Introduction to Federal Question Jurisdiction

Art. III §§ 2 of the Constitution empowers federal courts to have subject matter jurisdiction over “all Cases, in Law and Equity, arising under this Constitution, the Laws of the United States, and Treaties made, or which shall be made under their Authority.” As we previously discussed, the Constitution provides the outer bounds of subject matter jurisdiction, and Congress can grant courts the authority to hear cases within those boundaries. Congress provided the statutory grant of federal question jurisdiction in 28 U.S.C. § 1331.

Federal question jurisdiction is intended to allow federal courts the power to decide federal law. The statute promotes uniformity in federal law, encourages federal judges to develop expertise in federal law, and protects against potential state-court hostility towards federal claims. Although the Constitution itself does not create federal trial courts, the First Congress established a system of ‘inferior’ tribunals. Such courts did not have original jurisdiction over questions of federal law until 1875, when Congress passed what would eventually become § 1331.

Federal question jurisdiction was authorized by Congress for one year from 1801 to 1802 as part of the Judiciary Act of 1801 but was repealed when Thomas Jefferson became president. For those of you who are interested in legal history, the Judiciary Act of 1801 is also known as the Midnight Judges Act because in the nineteen days between when the Act was passed and the end of John Adams’ presidency, he filled as many of the newly-created circuit judicial seats as possible. These judges were known as Midnight Judges because Adams was said to be signing their appointments at midnight prior to President Jefferson’s inauguration. Notably, one of these appointments to a District of Columbia court, which was authorized under a different Act of Congress but similarly late in Adams’ presidency, was the subject of Chief Justice John Marshall’s famous opinion in Marbury v. Madison.

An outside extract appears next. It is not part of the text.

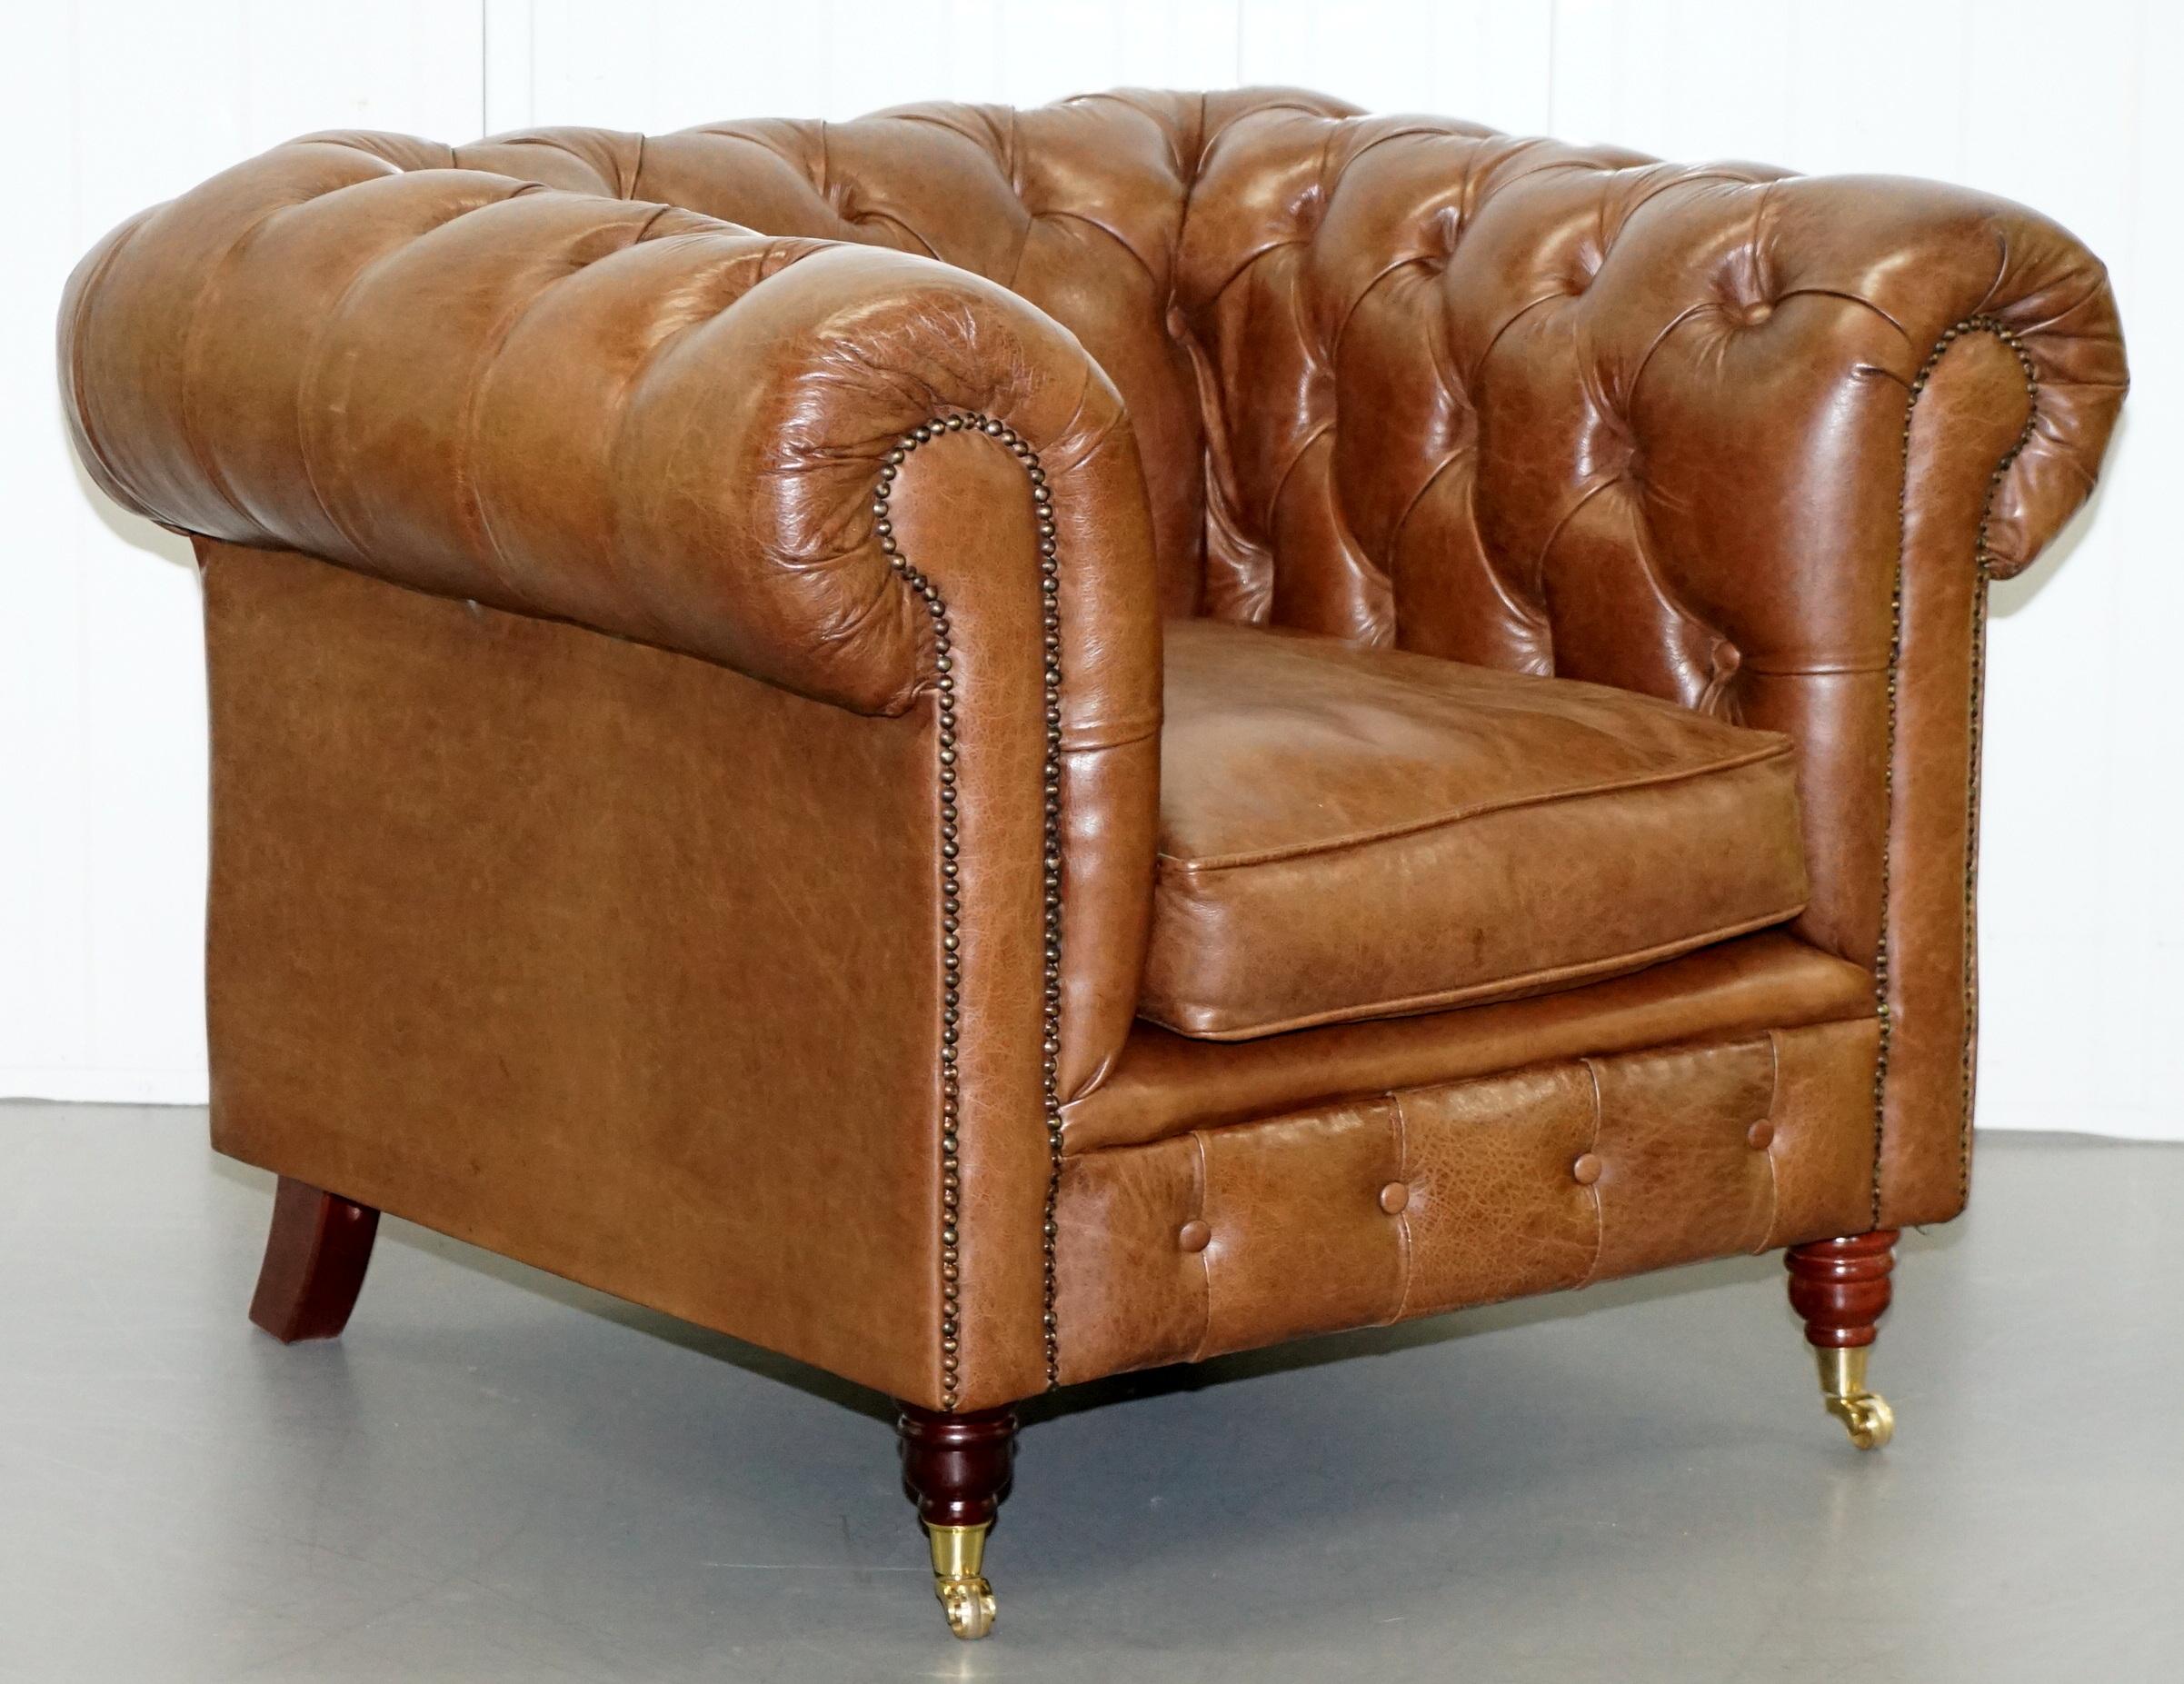 Chesterfield Heritage Brown Leather Sofas & Armchair Suite 2-3 3-4 Seat Sofas 8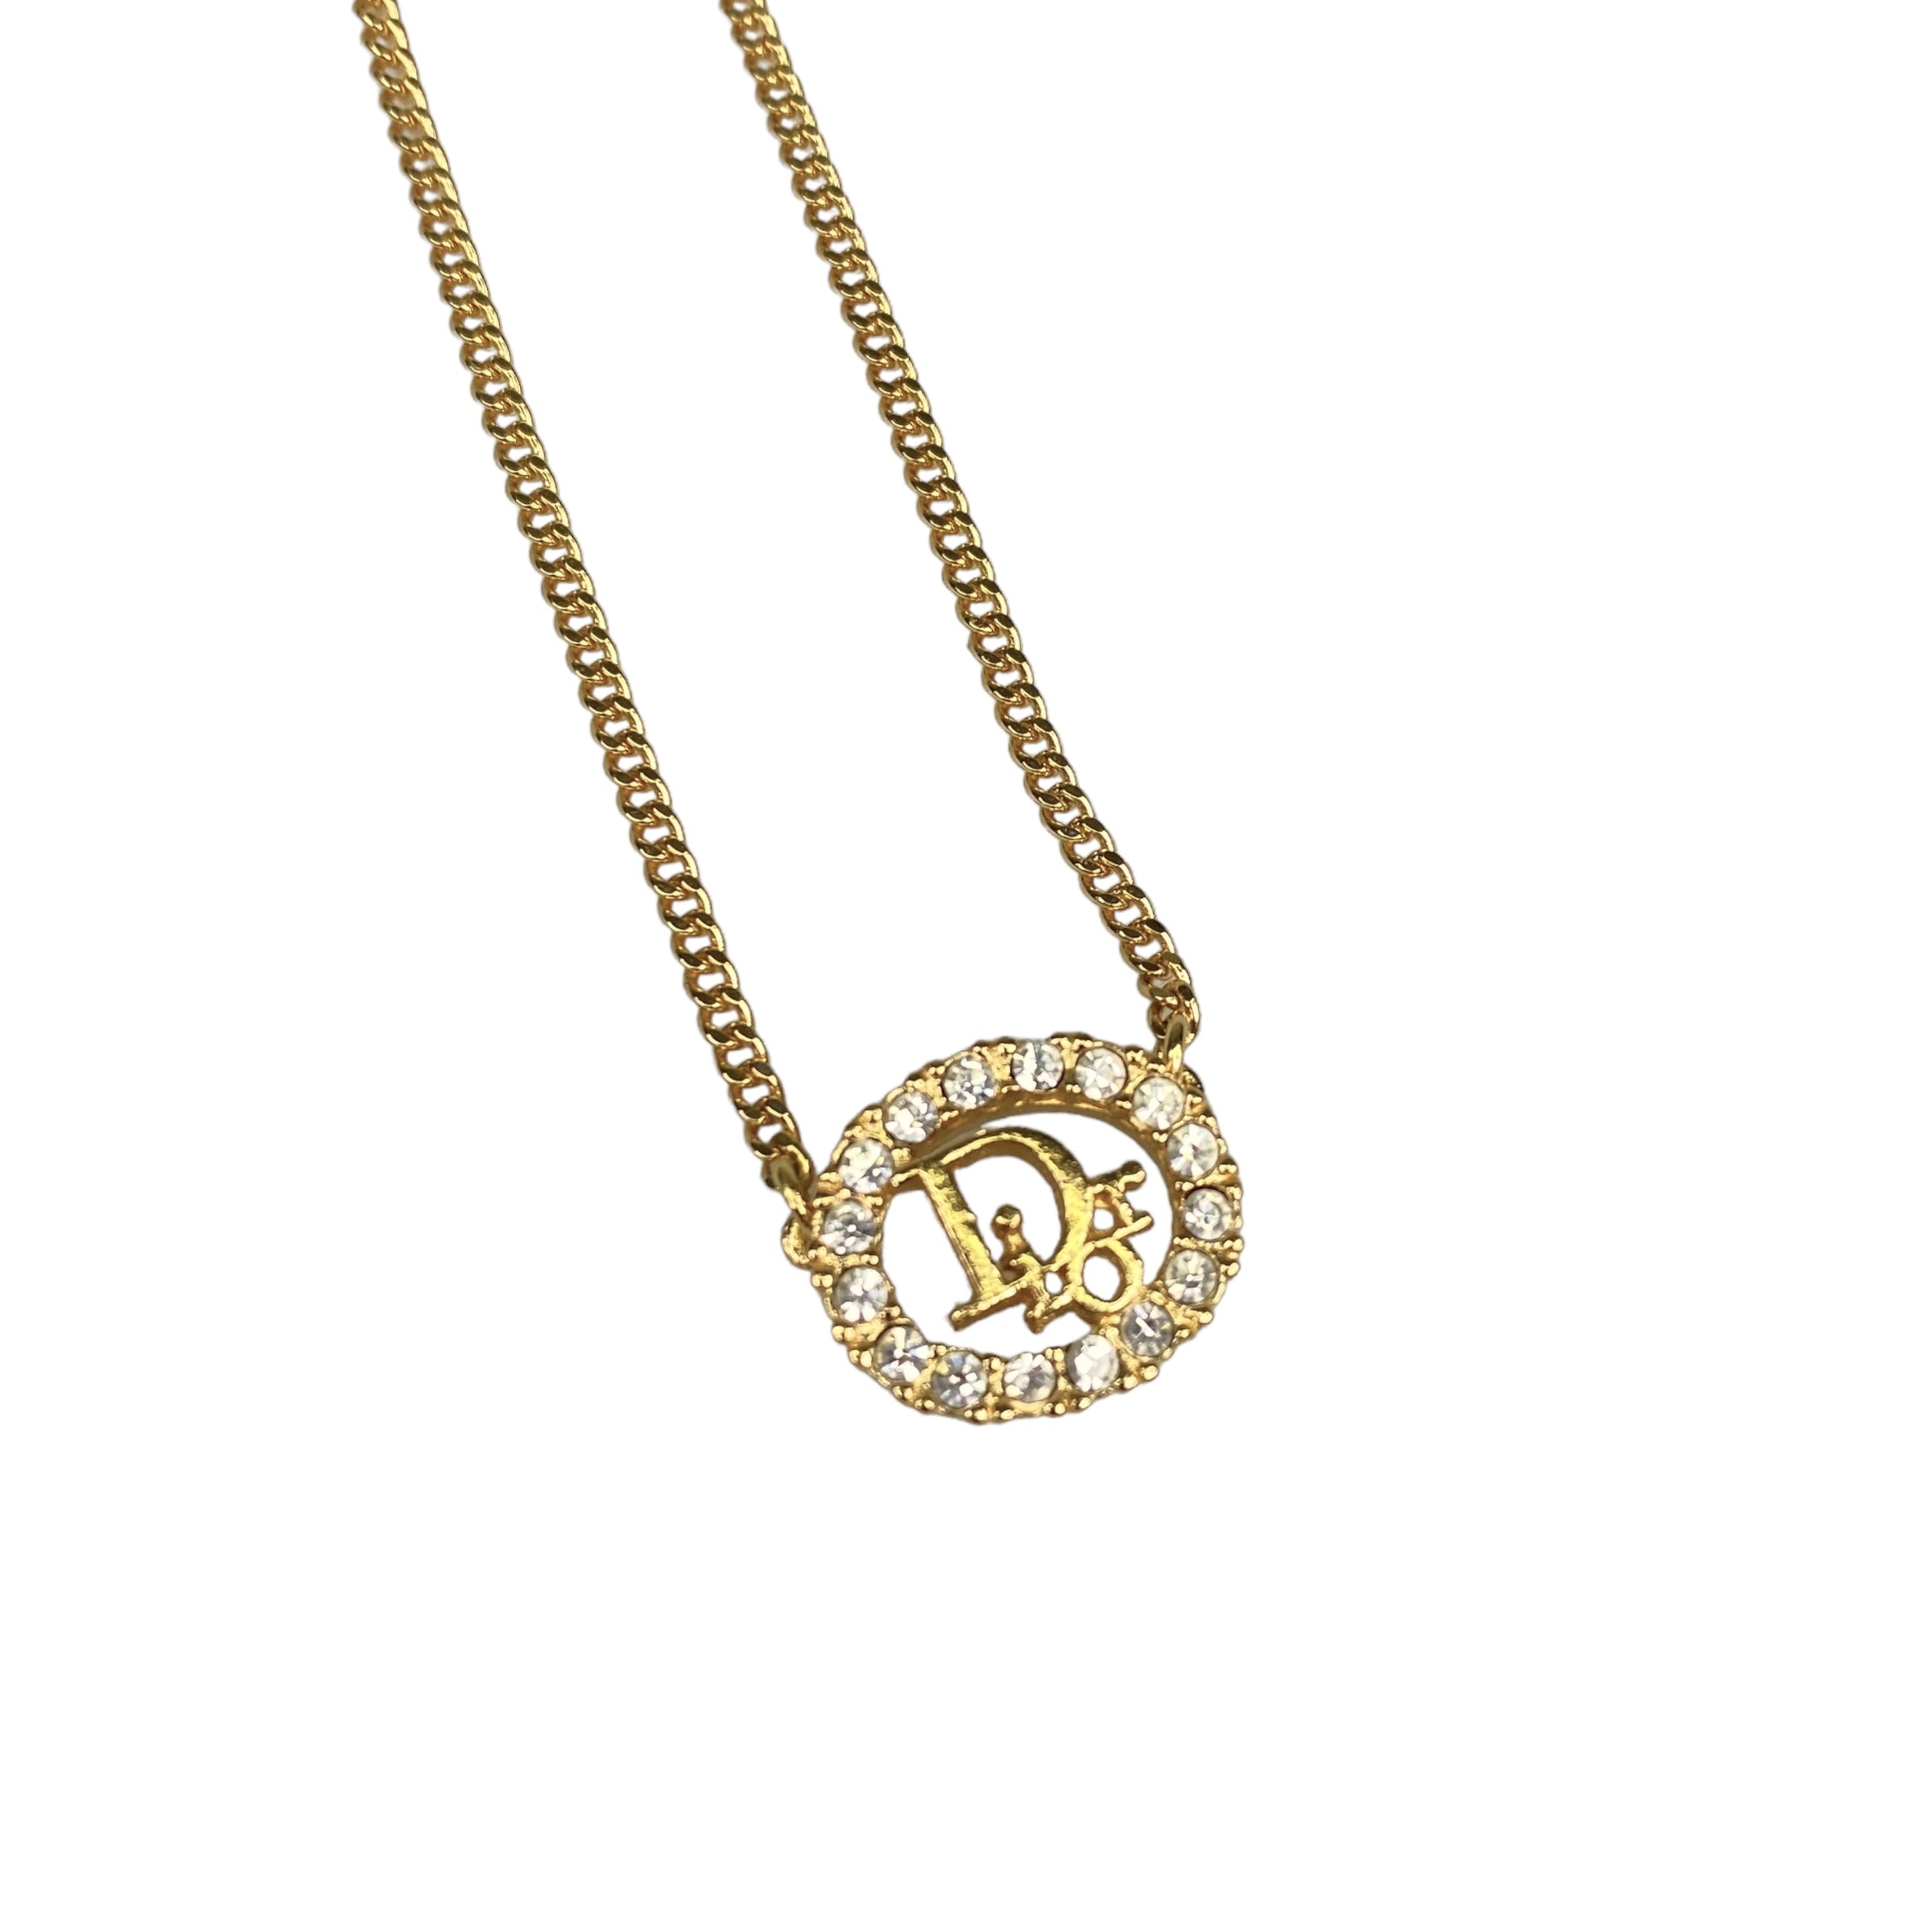 DIOR RHINESTONE ENCRUSTED OVAL OBLIQUE PENDANT NECKLACE GOLD PLATED

Notably, the exercise of original jurisdiction by lower federal courts allows the Supreme Court to restrict its docket to answering new questions of law, rather than policing old solutions. However, it is not the case that federal courts should have exclusive jurisdiction over questions of federal law. For example, consider the high volume of cases that federal courts would be faced with, the inconvenience to parties to travel to where federal courts are located. Arguably, allowing state courts concurrent jurisdiction over federal claims also promotes cooperation and good relationships between the state and federal systems. The Osborn case we will discuss maps the outer bounds of the Constitutional grant of subject matter jurisdiction...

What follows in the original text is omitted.